Sözünü dudaklarımla kestim. Bunu yapmayı hep istemiştim.  Filmlerde oldukça romantik bir şekilde gösterilen bu klişe hareketin gerçek hissiyatının çok daha güzel olacağını bilmiyordum. Mükemmeldi. Ani fakat yumuşak öpücüğüme, narin dudaklarıyla karşılık verirken elleri yanaklarıma ve çeneme ulaştı. Dolu avuçlarıma rağmen, onu kolumun iç tarafını kullanarak kendime çekmeyi başardım. Mürekkep lekeli, yüzüklerden asla yoksun olmayan parmakları saçlarımı ve ensemi okşadı. Parmaklarından, tenime değen soğuk metal ürpertici olmaktan uzaktı. Derin derin, dudaklarımı öpüyordu. Aynı tutkuyla ben de onun kirazlarından bolca tattım. Fakat öpüşlerimizde, bütün mükemmeliyetine karşın, tezat bir şey vardı. Öpücüğümüz ağlıyor gibiydi. Sanki dudaklarımız dahi, vücudumuzun her hücresi gibi, bu kısa süreli vedanın farkındaydı. Birbirlerinden kurtulmaktan korkarcasına sarılıyor, kenetleniyor, tutkuyla hıçkırıklara boğuluyorlardı. Hiçbir veda öpücüğü, böylesine arzu dolu ve de bu denli sancılı olamazdı.

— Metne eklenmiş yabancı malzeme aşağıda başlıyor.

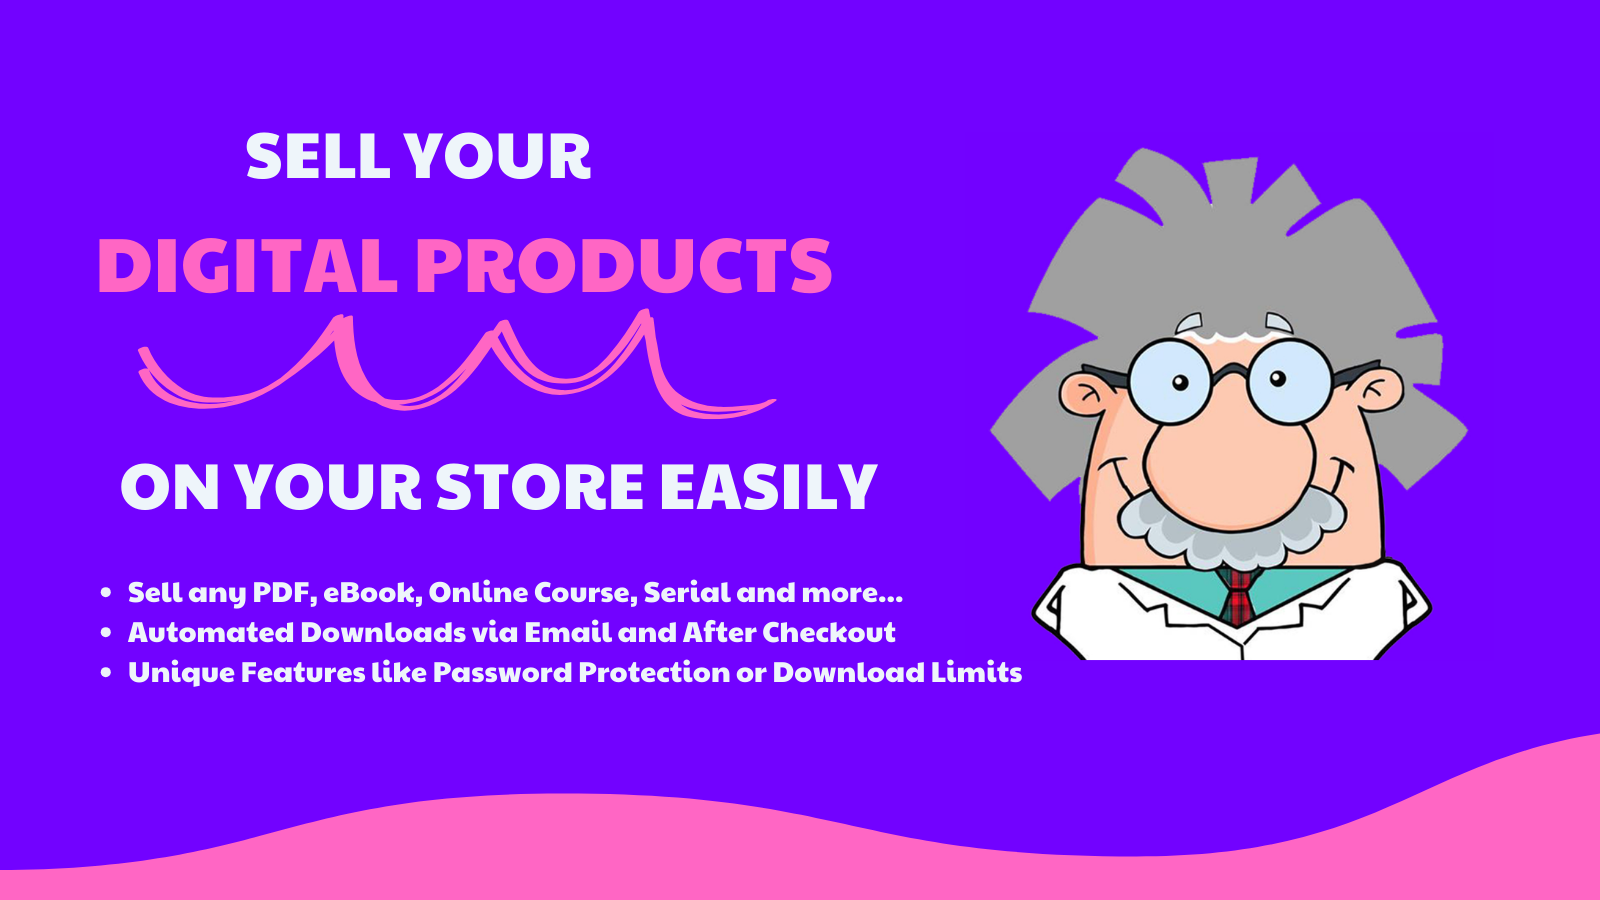 Verkoop uw digitale producten gemakkelijk in uw winkel

Dudaklarımı merhamet, acımasızlık, aşk, ayrılık ve binbir tezatla okşayan dudakları her zerremi titretti. Ama daha sonra, birbirine kenetli dudaklarımız arasından bir şeyler süzüldü. Yanaklarından dökülen, ıslak soğuk ve mahçup çizgilerle ayrıldık. Teninin, tuzlu tadı dilimi yaktı. Ağlamamalıydı. Alt tarafı üç hafta ayrı kalacaktık öyle değil mi? Alt tarafı bir ömür gibi gelecek olan üç kısacık, üç uzun, üç özlem dolu hafta...

Islak ıslak parıldayan gözlerine baktım. Yüzü avuçlarım arasındaydı. Az önce büyük bir şehvetle öptüğüm ve bundan dolayı iyice kızarmış olan dudaklarını, hıçkırmamak için birbirine bastırıyordu. Elleri belimdeydi.

" Lütfen. Bana bunu yapma. "

Gözlerini sıkı sıkı yumdu. Yaşları, gözlerinin ardına akıtmaya çalışır gibiydi. Islak kirpiklerini öptüm.

" Désolé. Biliyorum çok bencilce ama gitmeni istemiyorum. Uzun süre ayrı kaldığım herkesi kaybettim. Fazla dramatik davrandığımın farkındayım fakat sana öyle alıştım ki yokluğundan çok korkuyorum.  " dedi bir solukta.

Yumuşak dudaklarına kısa ama anlam dolu bir öpücük kondurdum.

" Uzun süremeyecek ve asla seni bırakmam. " diyebildim.

" Biliyorum. " dedi. Sesi kısıktı. Buğulu bakışları benden uzakta bir noktaya odaklanınca, kalbim  kırıldı. Onu böyle görmeye dayanamıyordum.

" Seni her gün arayacağım. " dedim.

Gözleri tekrar beni bulduğunda, başını olumsuz anlamında salladı. Kaşlarımı çattım.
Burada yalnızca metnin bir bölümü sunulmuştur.